--- Stored data Enclosed Below ---

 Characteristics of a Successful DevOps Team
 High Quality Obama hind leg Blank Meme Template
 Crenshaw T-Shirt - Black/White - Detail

--- End of Enclosed Stored data ---

- What is needed:
Nothing in the data may differ; print all of it exactly as written.

- Answer box:
 Characteristics of a Successful DevOps Team
 High Quality Obama hind leg Blank Meme Template
 Crenshaw T-Shirt - Black/White - Detail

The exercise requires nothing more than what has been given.